With my pasta maker, I make fresh linguini but use different veggies for flavoring.  I like to use the powdered form of the veggies.  Also have used different herbs and spices for flavors, like ground lemon pepper, powdered garlic, etc.  Pesto pasta is delicious!


----------



## kadesma (Feb 13, 2010)

LadyCook61 said:


> With my pasta maker, I make fresh linguini but use different veggies for flavoring.  I like to use the powdered form of the veggies.  Also have used different herbs and spices for flavors, like ground lemon pepper, powdered garlic, etc.  Pesto pasta is delicious!

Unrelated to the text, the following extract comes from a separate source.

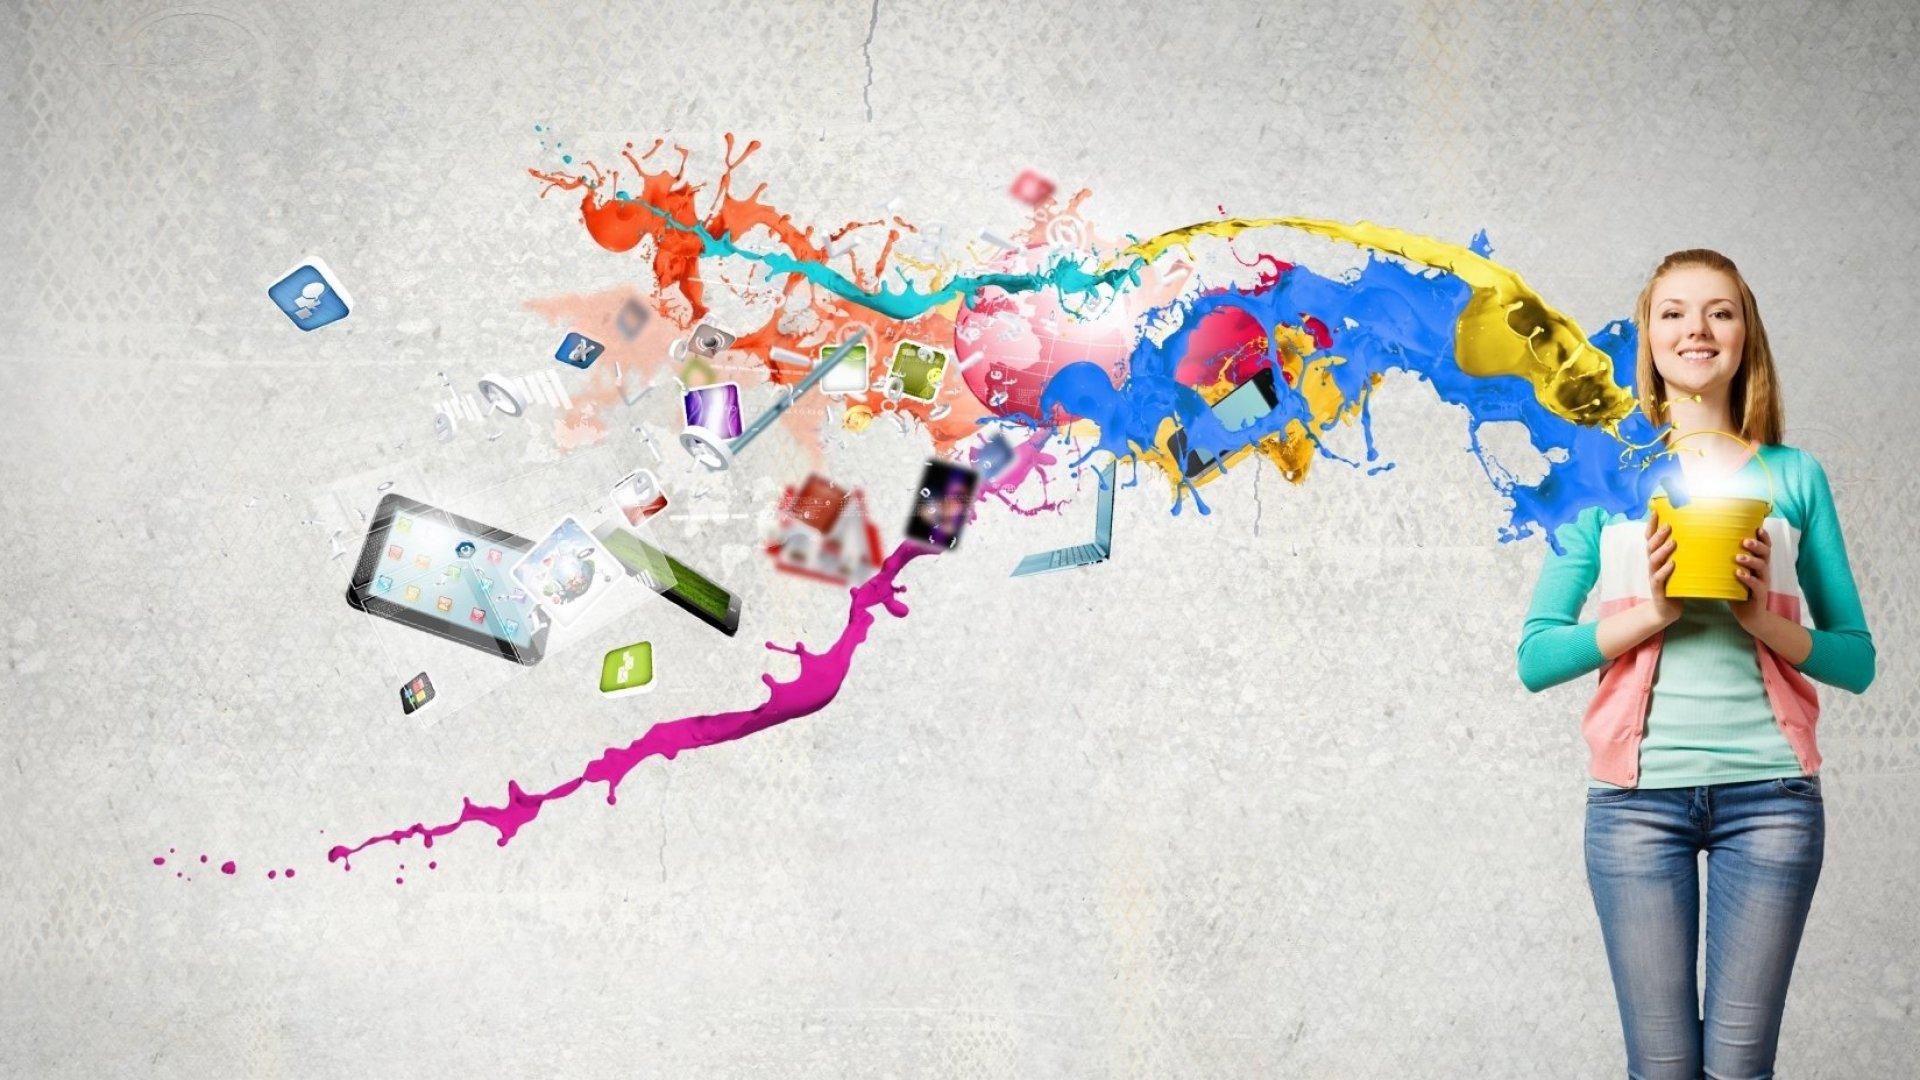 Neuroscience Has Discovered the Secret of Creativity

Thanks LC..I enjoy a pepper pasta now and again as long as there isn't to much heat. And I also love my lemon pasta...This time I've decided just a plaun simple pasta to put a mixed mushroom in butter and wine over..
kades


----------



## niquejim (Feb 13, 2010)

My most recent was 

1 1/2 cups sifted flour
   1/4 cup dark cocoa
    1 Tbs water
    1/4 tsp salt

Make into Ravioli stuffed with roasted butternut squash and bacon. Then I sauteed them in olive oil with mushrooms and onions and once removed added white wine to make a sauce


----------



## kadesma (Feb 13, 2010)

niquejim said:


> My most recent was
> 
> 1 1/2 cups sifted flour
> 1/4 cup dark cocoa
> ...


Sounds wonderful..Thanks for sharing.
kadesma


----------